Visually, fractals are just seductive. But they appeal to the science geek in me as well. Because fractals live at the intersection of math, science, nature, and art. And who wouldn’t want to live there? Your neighbors would be spectacularly entertaining.



Fractals are created by running data through the same equation over and over (iteration). The really pretty pictures come from graphing the results.

Fractals are all over nature. You really can’t avoid them. The way trees branch is fractal (they branch, and then they branch again, and then they branch again…) But did you know that forests are fractal, too? Clouds and mountains follow fractal patterns. That frost on your windowpane? Fractal. Your heart beats in fractals, and your blood veins are fractal, too.
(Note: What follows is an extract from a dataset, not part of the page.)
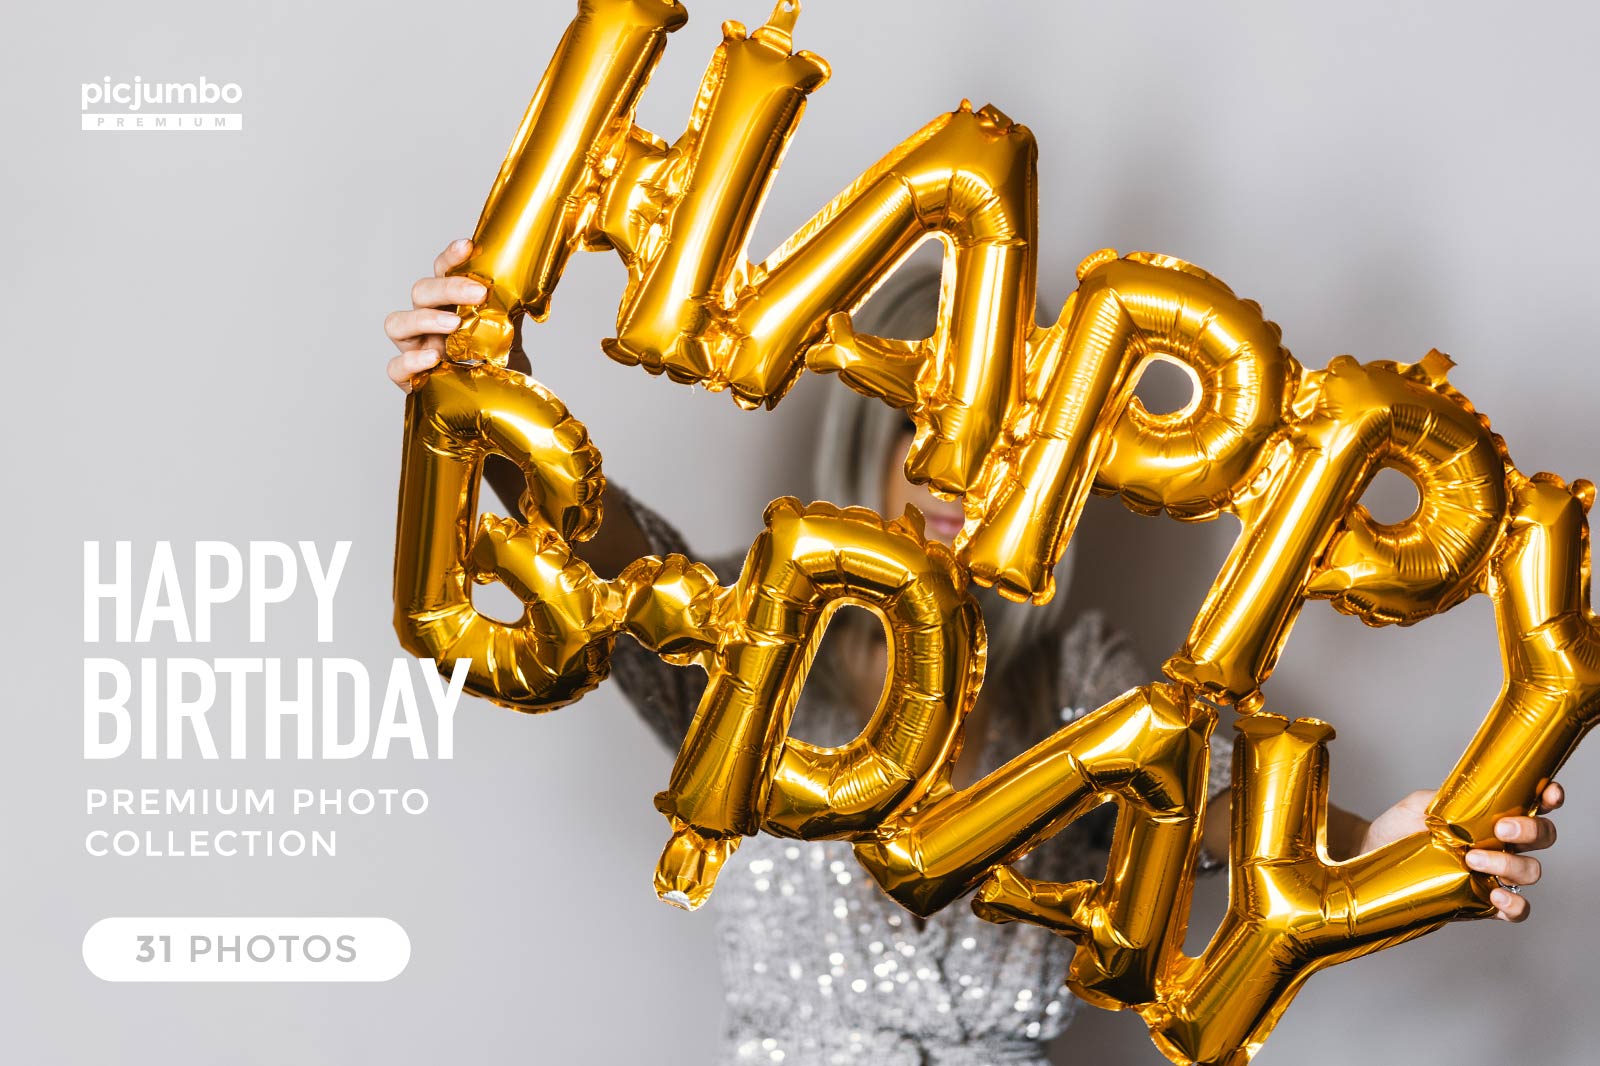 Download hi-res stock photos from our Happy Birthday PREMIUM Collection!

Fractals have been used in clothing designs, medicine, and pretty much every movie with special effects. And your cell phone just wouldn’t work without that fractal antenna embedded in it. Jackson Pollock’s work has been analyzed, and it contains fractals. They’re gorgeous, they’re seductive, they’re brilliant, they’re… OK, I see you glazing over. I’ll go chortle over my fractals in private now.

The top picture shows the Mandelbrot set. The second picture shows a zoom of the Mandelbrot set, which shows how the pattern repeats. These gorgeous graphics of the Mandelbrot set are from the Wikimedia Commons.